Dataset entries:

►

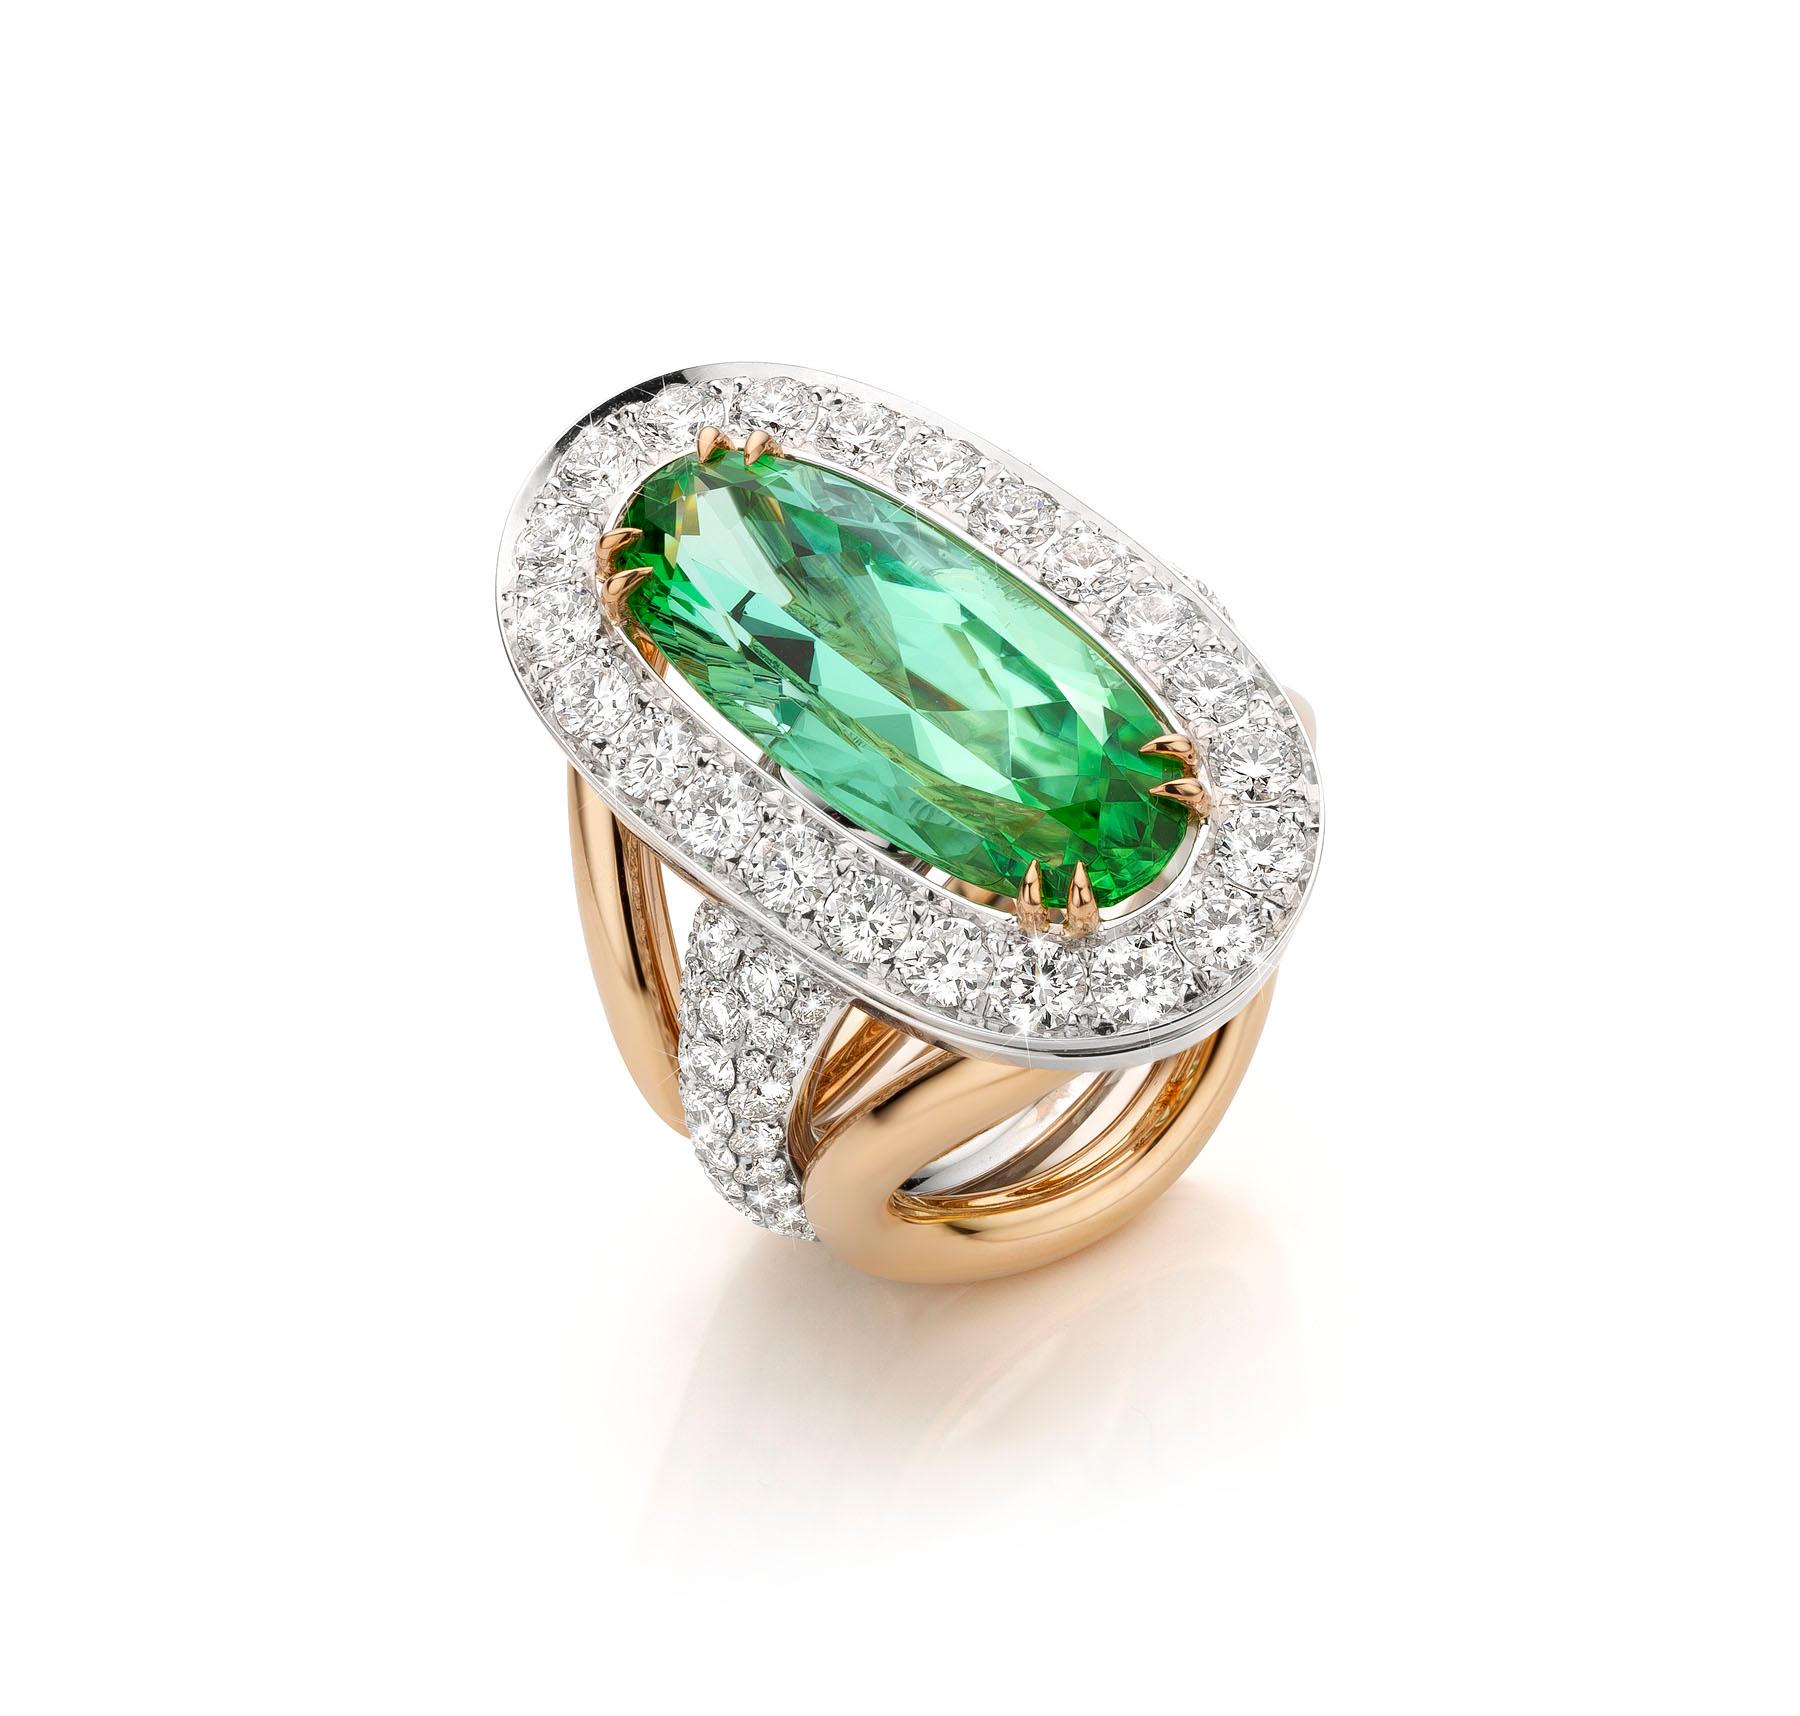 18 Karat White & Yellow Gold Cocktail Ring featuring a 10.37 carat Vivid Mint Green Tourmaline stone.

Oval cut measuring 22.7 x 9.8mm.
The Mint Tourmaline is embraced by D Flawless Collection Grade Diamonds weighing 14.57 carat.

This ring was
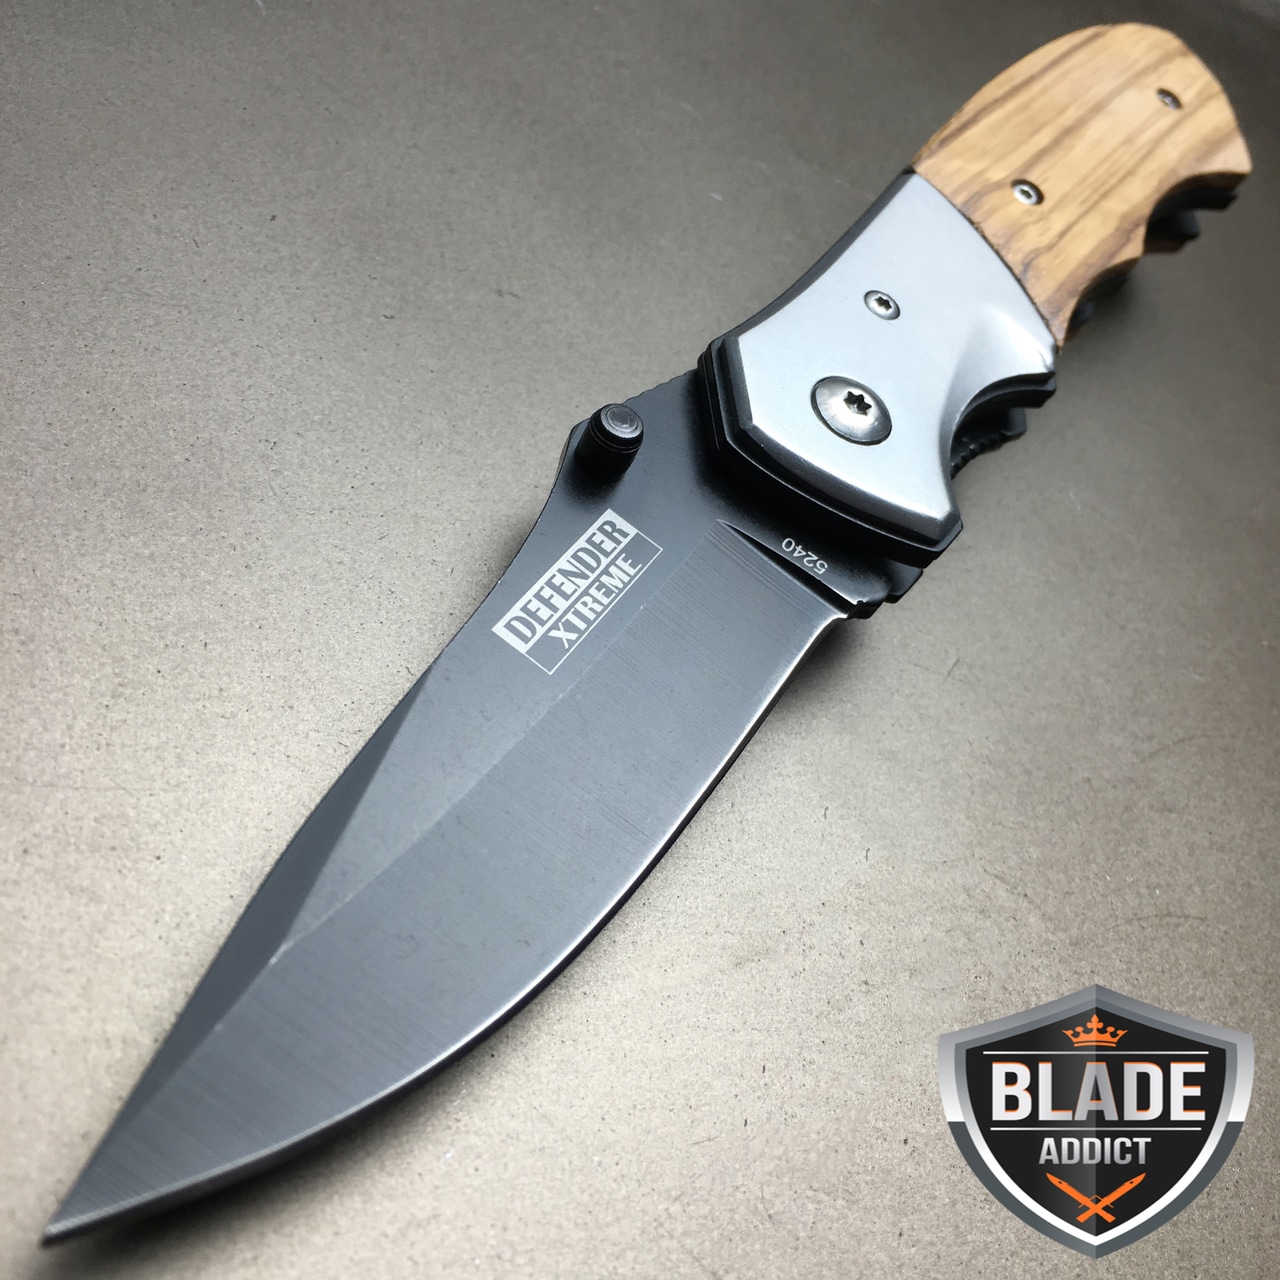 11" FULL TANG TACTICAL COMBAT FIXED BLADE HUNTING KNIFE SURVIVAL CAMPING BOWIE

◄

* _WORK TASK_
Pictures are not part of the copy. Extract exactly the lines from the line containing "The Mint Tourmaline" through the final line of the entries above, both included.

* _TASK ANSWER_
The Mint Tourmaline is embraced by D Flawless Collection Grade Diamonds weighing 14.57 carat.

This ring was
 11" FULL TANG TACTICAL COMBAT FIXED BLADE HUNTING KNIFE SURVIVAL CAMPING BOWIE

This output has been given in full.